■ Problem description
Everything from the line holding "When Snowflakes Fall" to the last line of the material below must be retyped exactly, minus any pictures.

■ Data below
☆ ☆ ☆ ☆
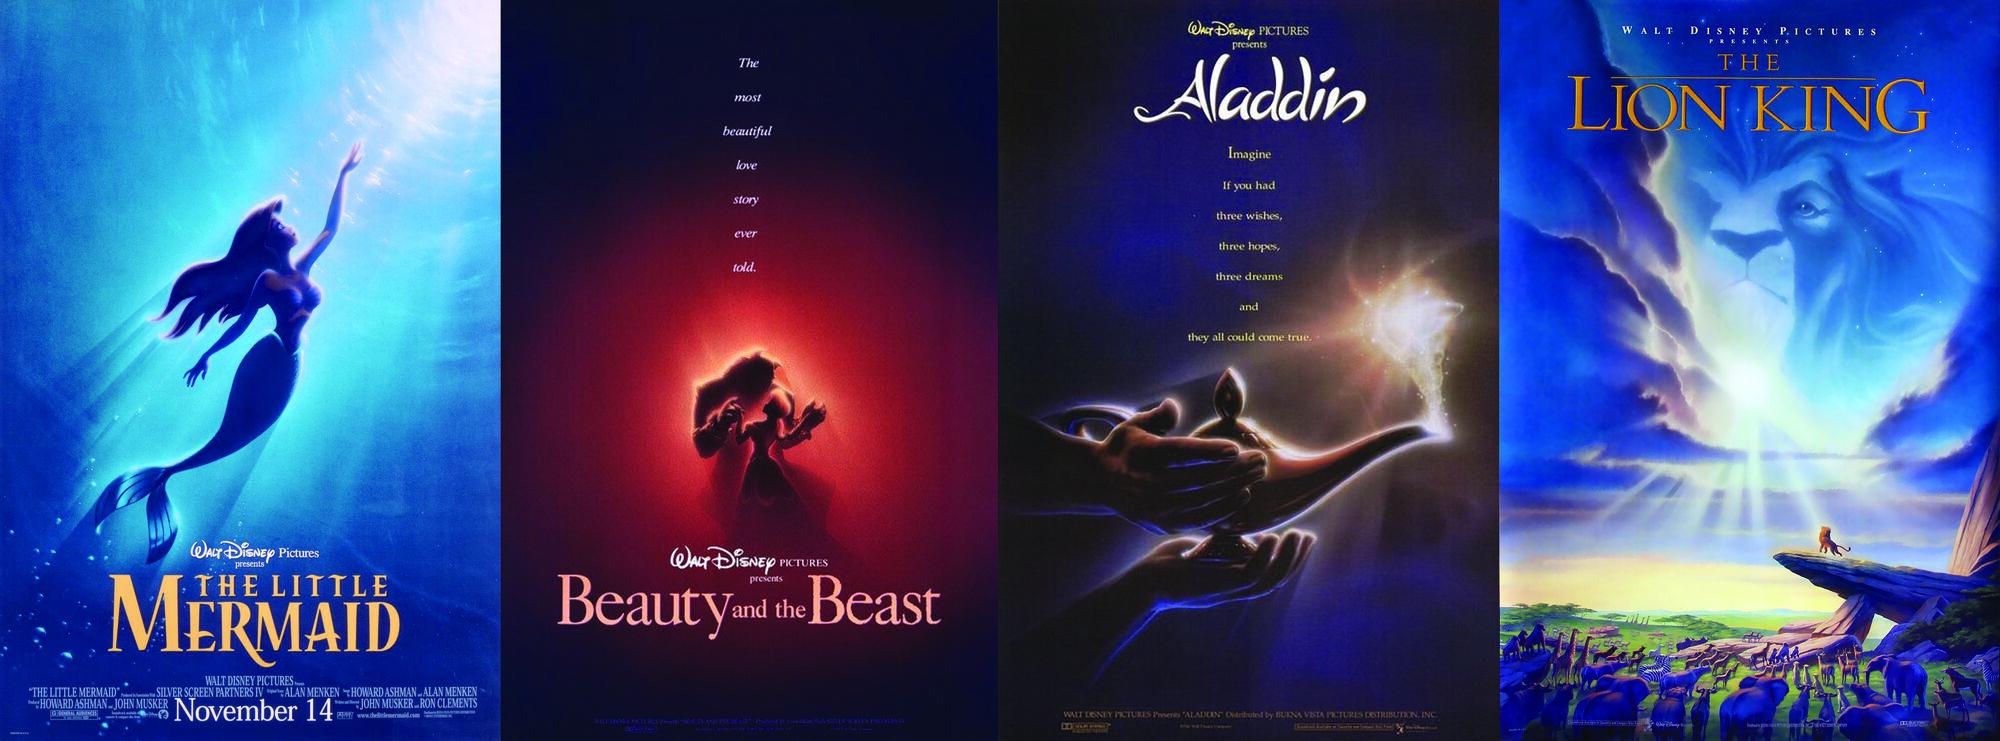 Disney Renaissance Disney Wiki Fandom
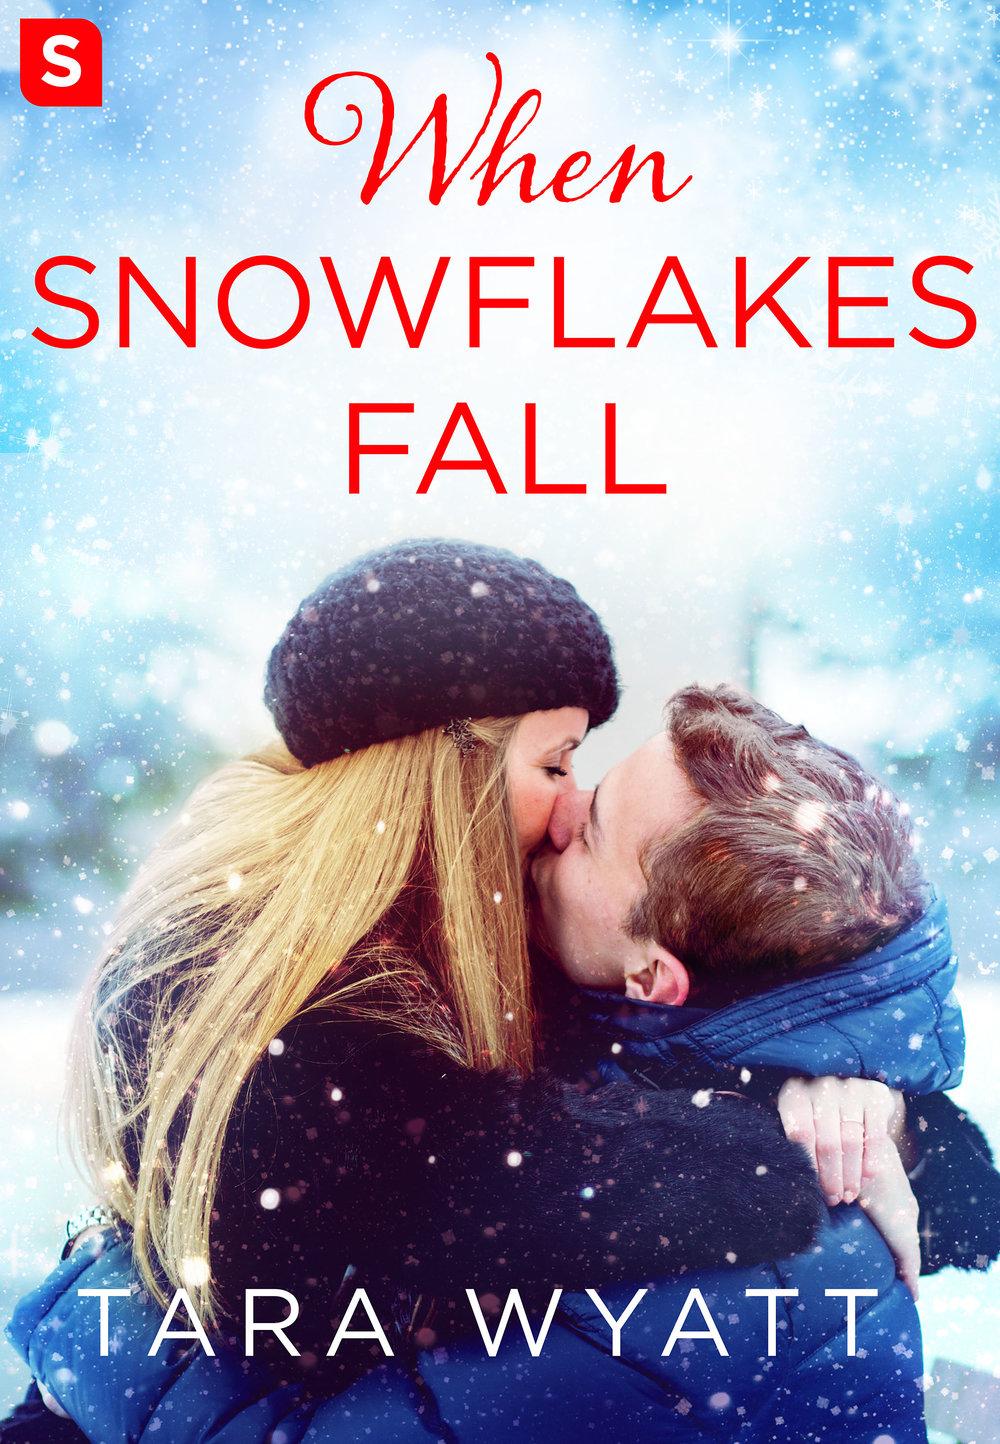 When Snowflakes Fall by Tara Wyatt The Graysons Series Book 1 Holiday Romance
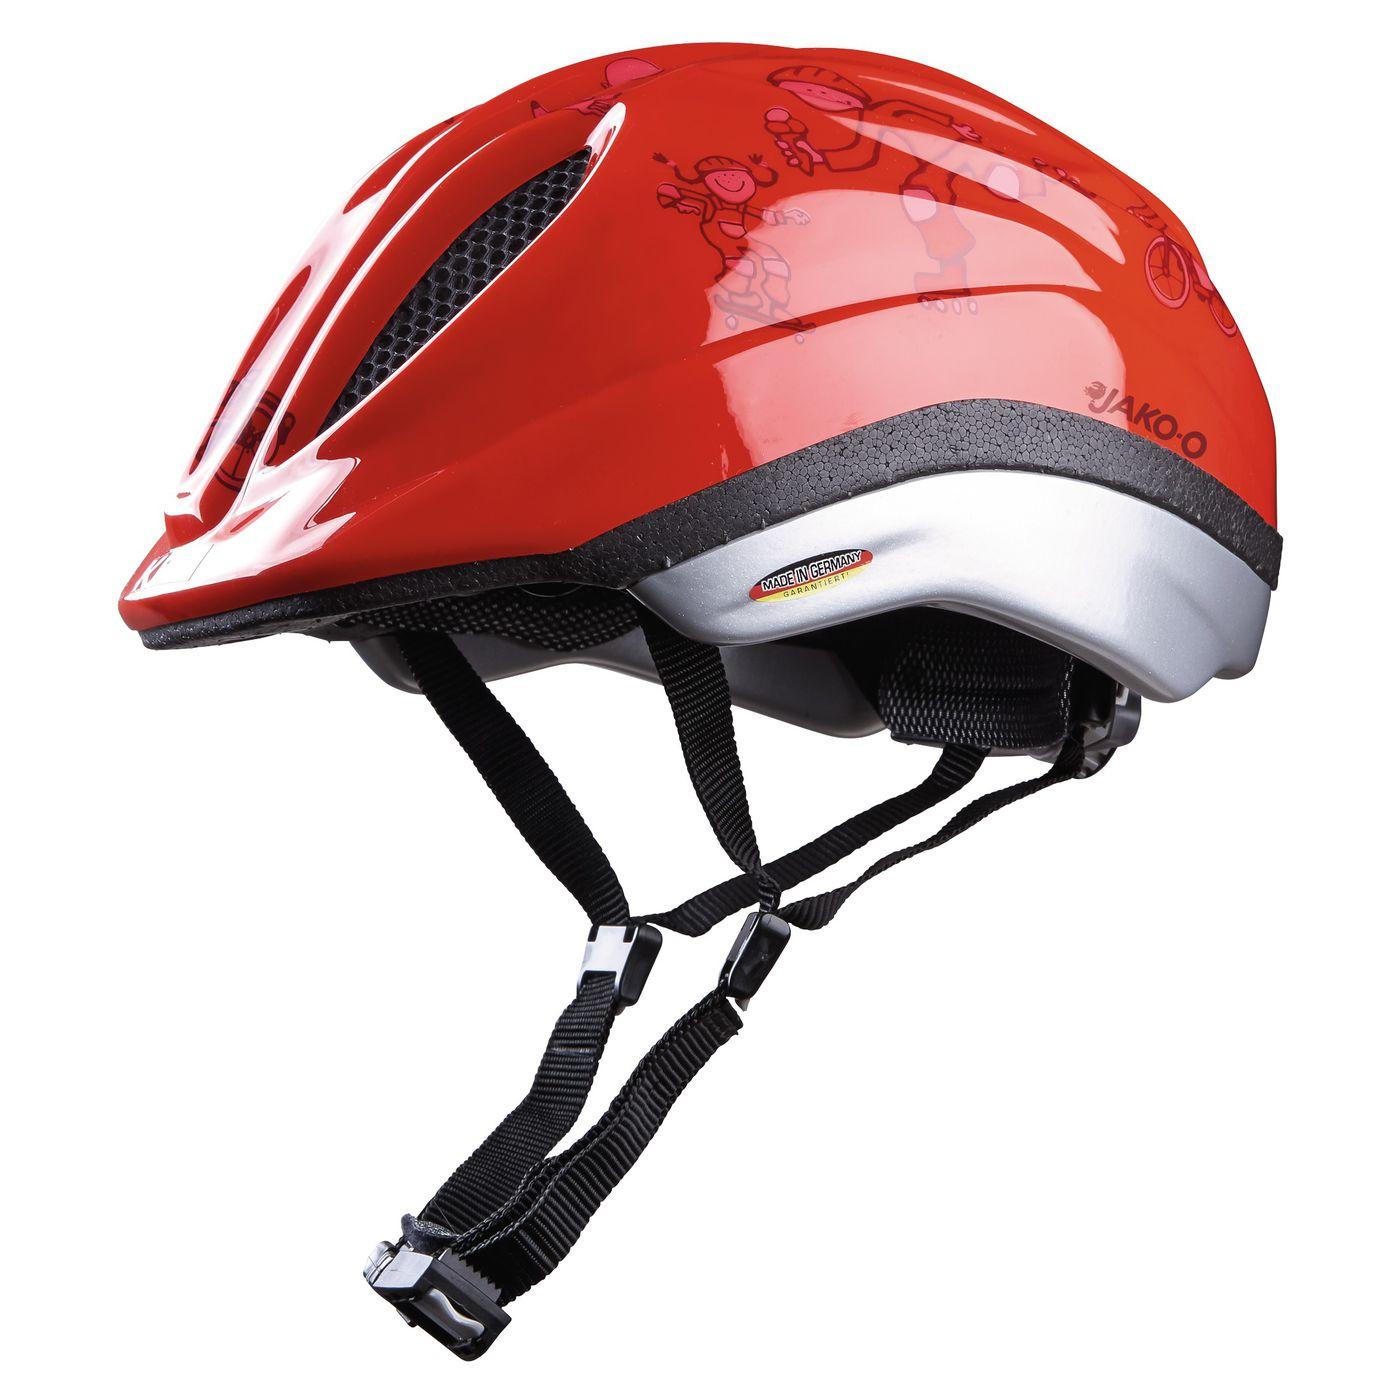 Детский велосипед шлем JAKO‑O
☆ ☆ ☆ ☆
■ Solution for this problem
 When Snowflakes Fall by Tara Wyatt The Graysons Series Book 1 Holiday Romance
 Детский велосипед шлем JAKO‑O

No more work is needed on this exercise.